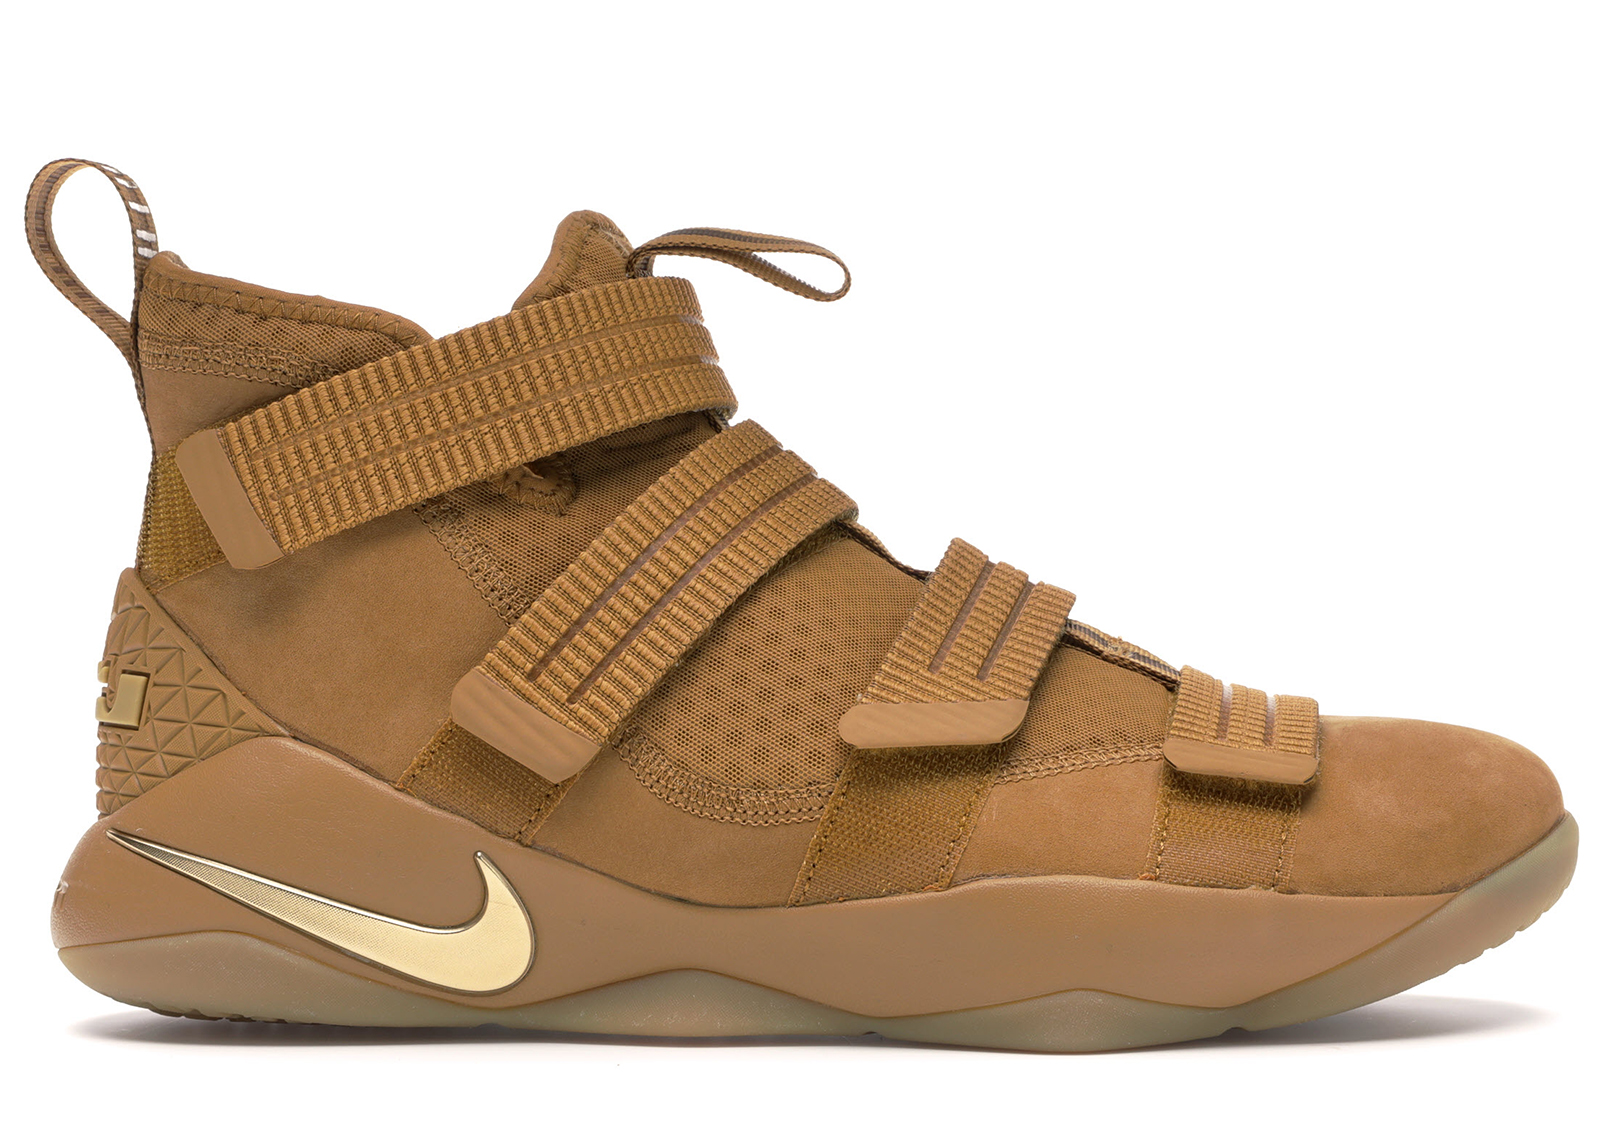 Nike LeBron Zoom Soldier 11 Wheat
--
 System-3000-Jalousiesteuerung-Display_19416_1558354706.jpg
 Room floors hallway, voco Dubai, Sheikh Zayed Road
---
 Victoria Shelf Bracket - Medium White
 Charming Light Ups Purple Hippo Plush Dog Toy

- Aim of the exercise: The required output is the stretch of entries above from the line containing "Victoria Shelf Bracket - Medium White" through the line containing "Charming Light Ups", reproduced exactly.

- Expected output:
 Victoria Shelf Bracket - Medium White
 Charming Light Ups Purple Hippo Plush Dog Toy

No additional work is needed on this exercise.